Source material:
——

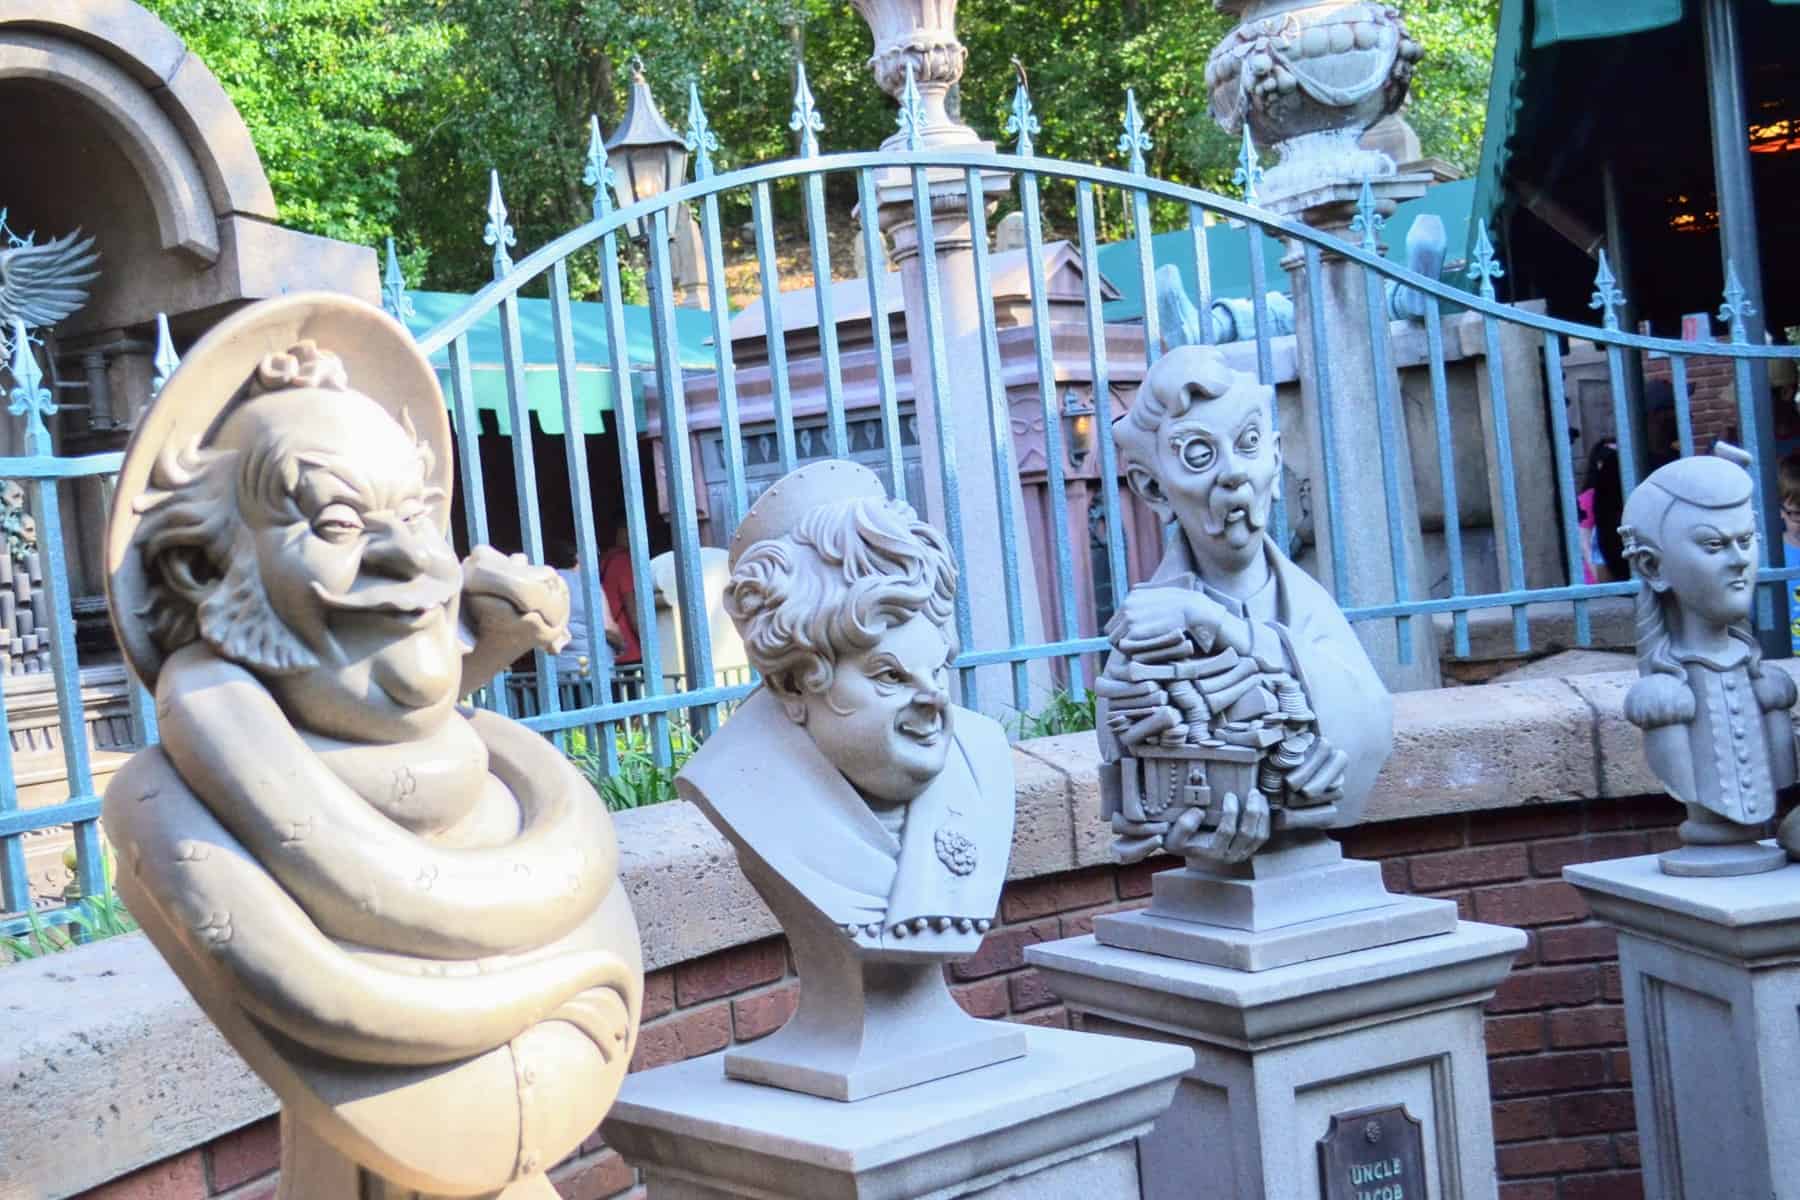 Things that might scare little ones at Disney World
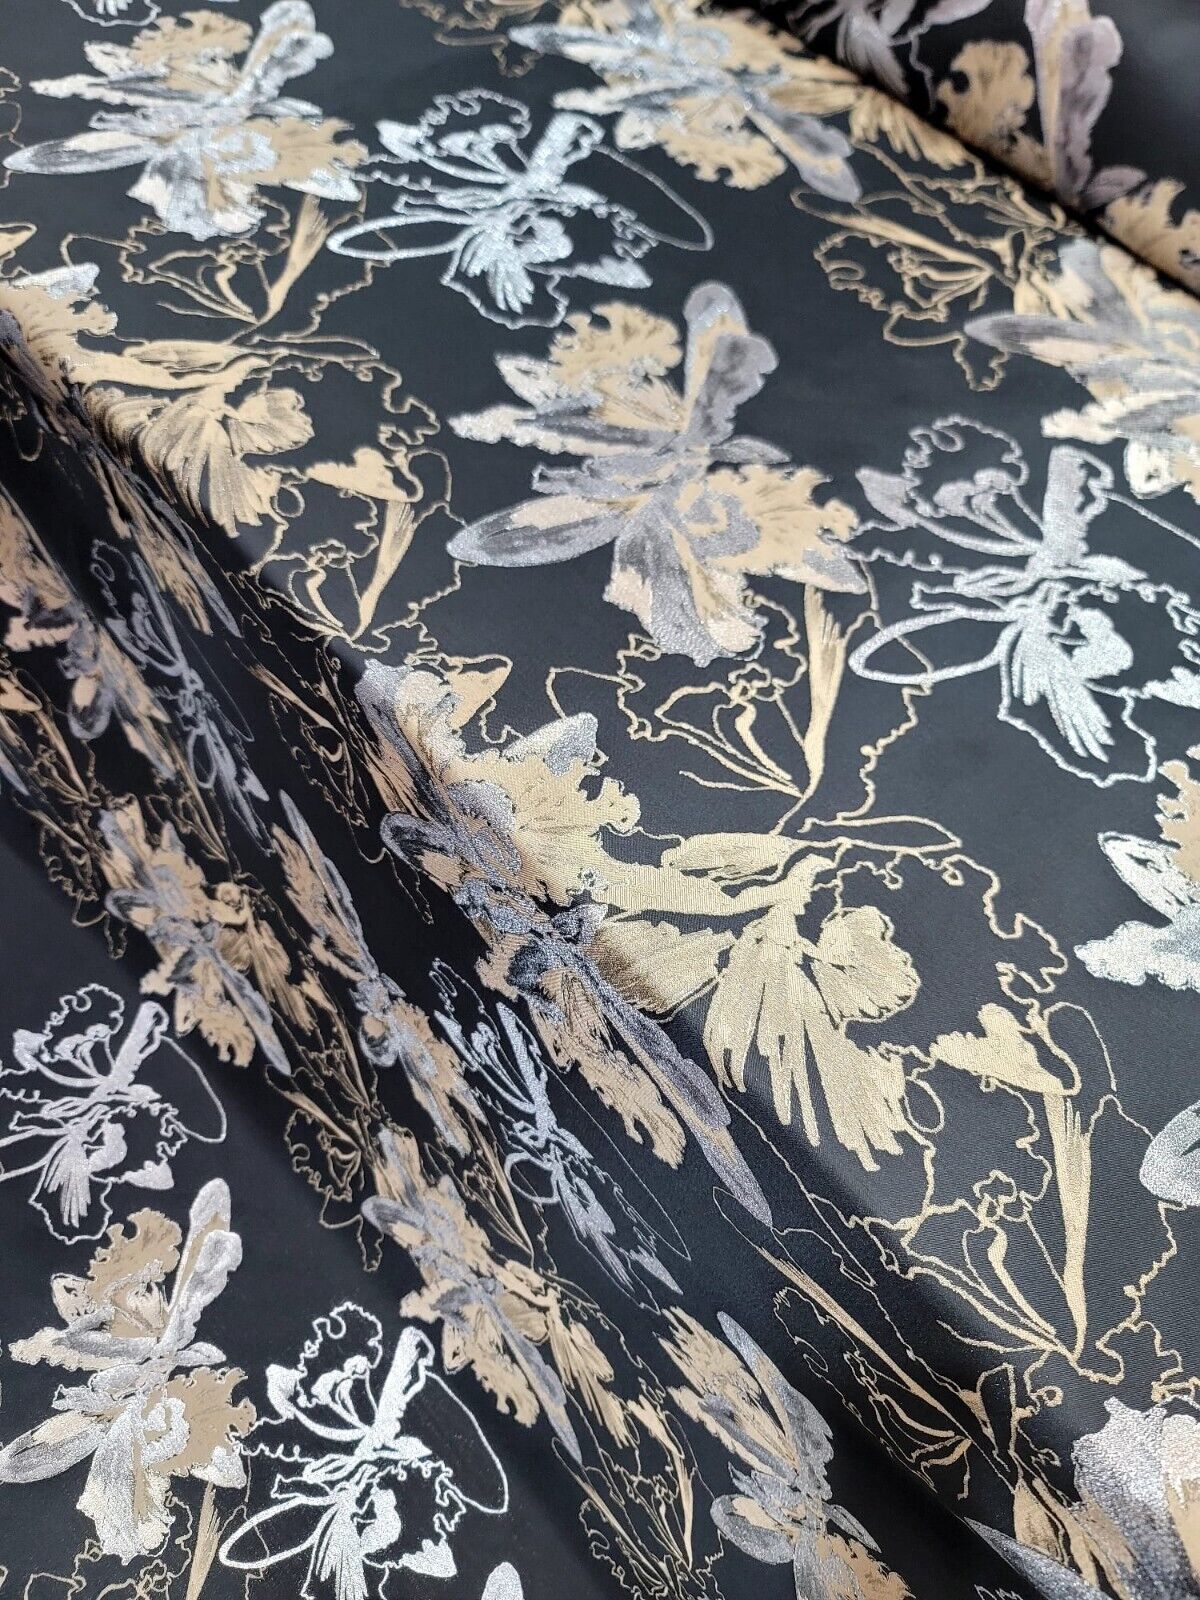 Gold,Silver and Black Damask Jacquard Brocade Floral Fabric - 60" Width
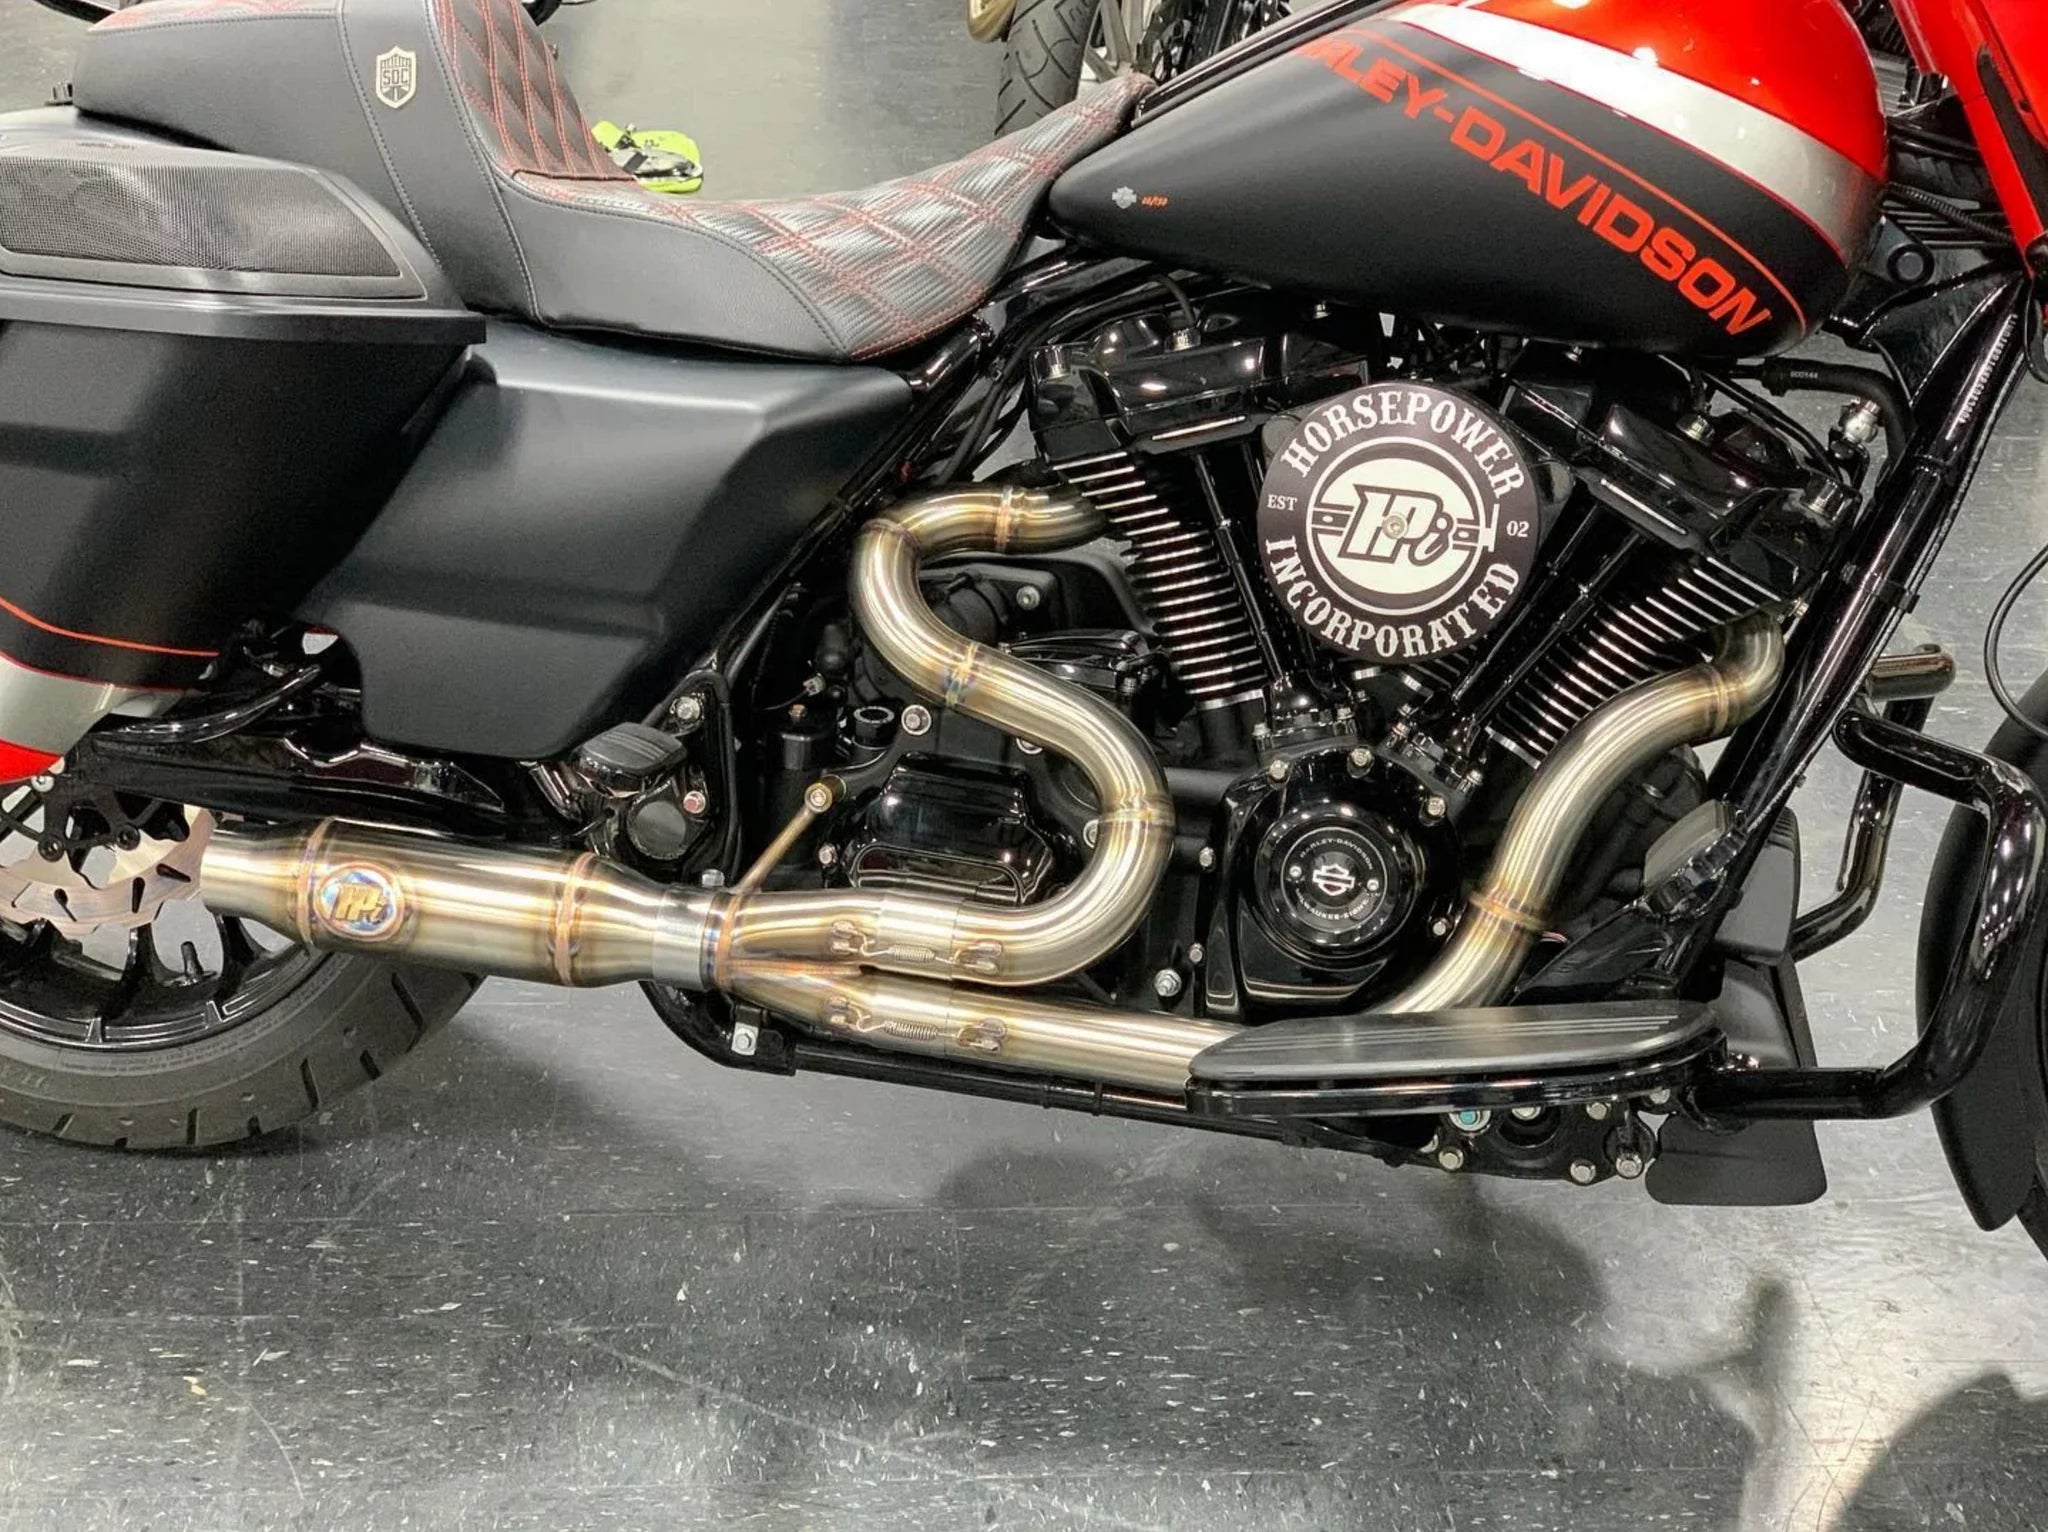 HPi Stainless Exhaust for M8 Bagger

——

About this task: Reproduce the whole listing word for word, setting aside any pictures.

Answer to the exercise:
 Things that might scare little ones at Disney World
 Gold,Silver and Black Damask Jacquard Brocade Floral Fabric - 60" Width
 HPi Stainless Exhaust for M8 Bagger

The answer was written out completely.